这题赖我,因为我决策失误,上来光想写并查集wa的太多,甚至整个团队都丢了士气,赛后用连边加搜索一发就A了,唉,拖我出去祭天吧....
分析:离散化各人名,然后对于m条A控制B的信息,对A和B连一条单向边,然后对A进行搜索,能搜到的点全打标记,最后在B组中找被打标记的人名就是答案。刚开始我也是这么做,只不过是反向搜索,从B到A结果无限爆内存,正向搜就过了,这或许大概就是算法竞赛的神奇之处吧...
#include <iostream>
#include <algorithm>
#include <cstdio>
#include <cstring>
#include <cmath>
#include <vector>
#include <map>
using namespace std;
map<string, int> m;
vector<int> V[100010];
int t1[100010];
string t2[100010];
string ans[100010];
int vis[100010];
int u, v, n, cnt;
void dfs(int x)
{
vis[x] = 1;
for (int i = 0; i < V[x].size(); i++)
{
int z = V[x][i];
if (vis[z])
continue;
dfs(z);
}
}
int main()
{
int t;
cin >> t;
while (t--)
{
cin >> u >> v >> n;
for (int i = 0; i < u; i++)
{
string s;
cin >> s;
if (!m[s])
{
++cnt;
m[s] = cnt;
}
t1[i] = m[s];
}
for (int i = 0; i < v; i++)
{
string s;
cin >> s;
if (!m[s])
{
cnt++;
m[s] = cnt;
}
t2[i] = s;
}
for (int i = 0; i < n; i++)
{
string s1, s2;
cin >> s1 >> s2;
if (!m[s1])
{
cnt++;
m[s1] = cnt;
}
if (!m[s2])
{
cnt++;
m[s2] = cnt;
}
V[m[s1]].push_back(m[s2]);
}
for (int i = 0; i < u; i++)
dfs(t1[i]);
int key = 0;
for (int i = 0; i < v; i++)
{
if (vis[m[t2[i]]])
ans[key++] = t2[i];
}
sort(ans, ans + key);
for (int i = 0; i < key; i++)
cout << ans[i] << " ";
cout << endl;
for (int i = 0; i <= cnt + 1; i++)
V[i].clear();
cnt = 0;
m.clear();
memset(vis, 0, sizeof(vis));
}
return 0;
}
后来看到其他学校同学的写法,还有网上的写法,大同小异....
F: Flight Plan
G: Ground Defense
题目描述
You are a denizen of Linetopia, whose n major cities happen to be equally spaced along an east-west line. In fact, they are often numbered in order from 1 to n, where 1 is the westmost city and n is the eastmost city.

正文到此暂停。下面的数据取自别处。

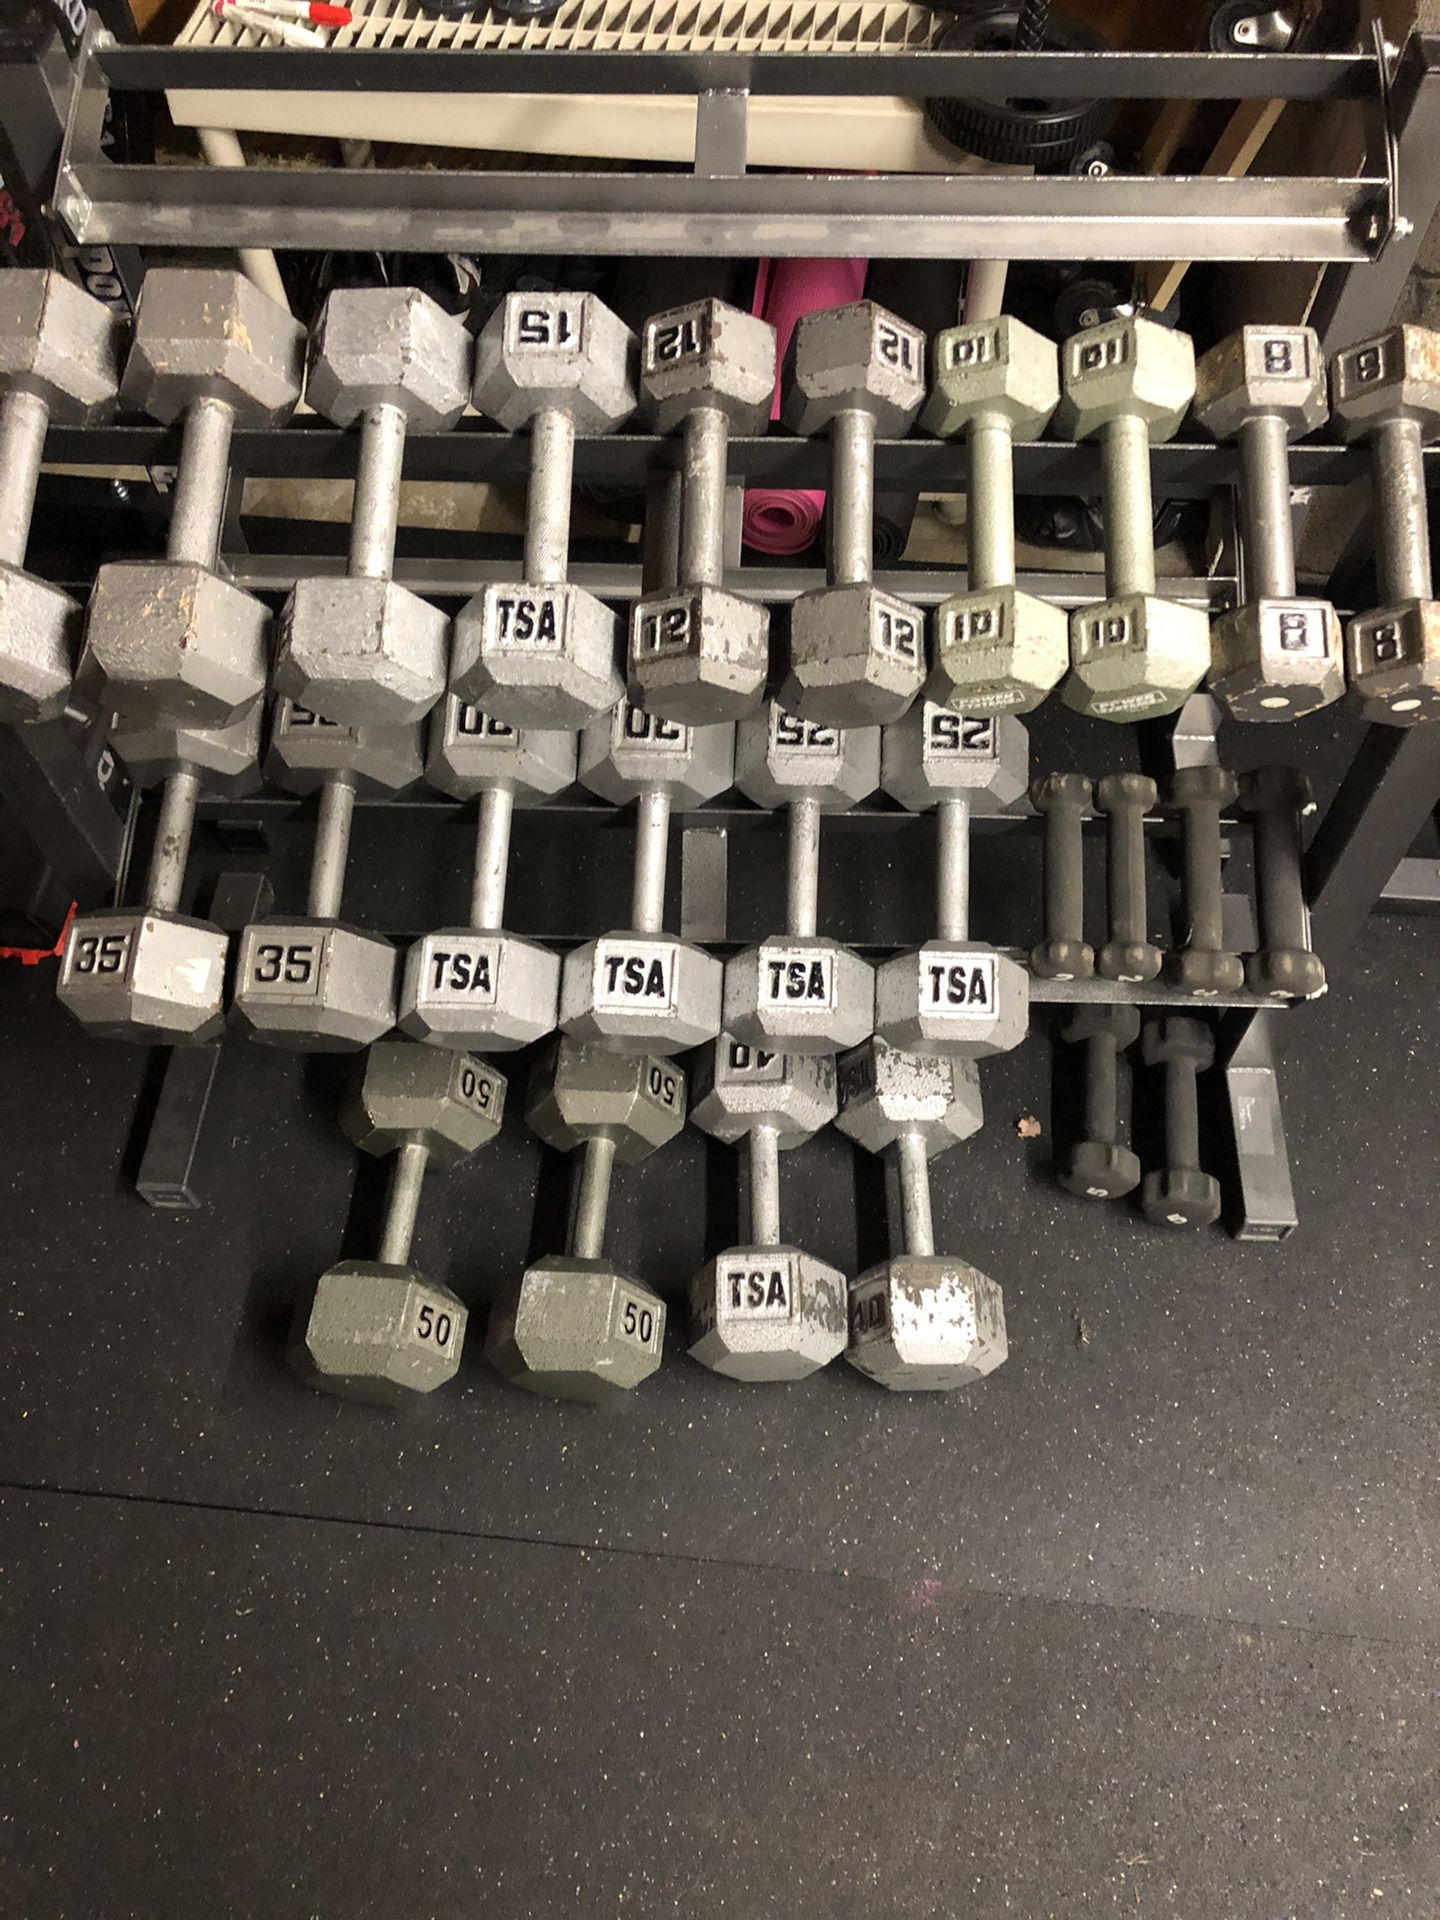 2lb to 50lb Dumbbell Set w/ Two Two-Tier Racks - 510lbs total

Linetopia was a lovely place to live until forces from neighboring Trapez invaded. As part of Linetopia’s Shielding Lives and Protecting Citizens initiative, you have been called upon to process information about Trapezoid troop movements so we can determine which cities have been hardest hit and know where to send reinforcements.
Linetopia intelligence has discovered that the Trapezoid forces are attacking in the following pattern. They are sending massive aircraft to drop troops on Linetopia cities. Each aircraft starts at some city i, dropping s soldiers. The aircraft then proceeds to fly either east or west. Each time it flies over another city, it drops a more soldiers than it dropped on the previous city it passed. After performing d drops, the aircraft returns to Trapez to resupply.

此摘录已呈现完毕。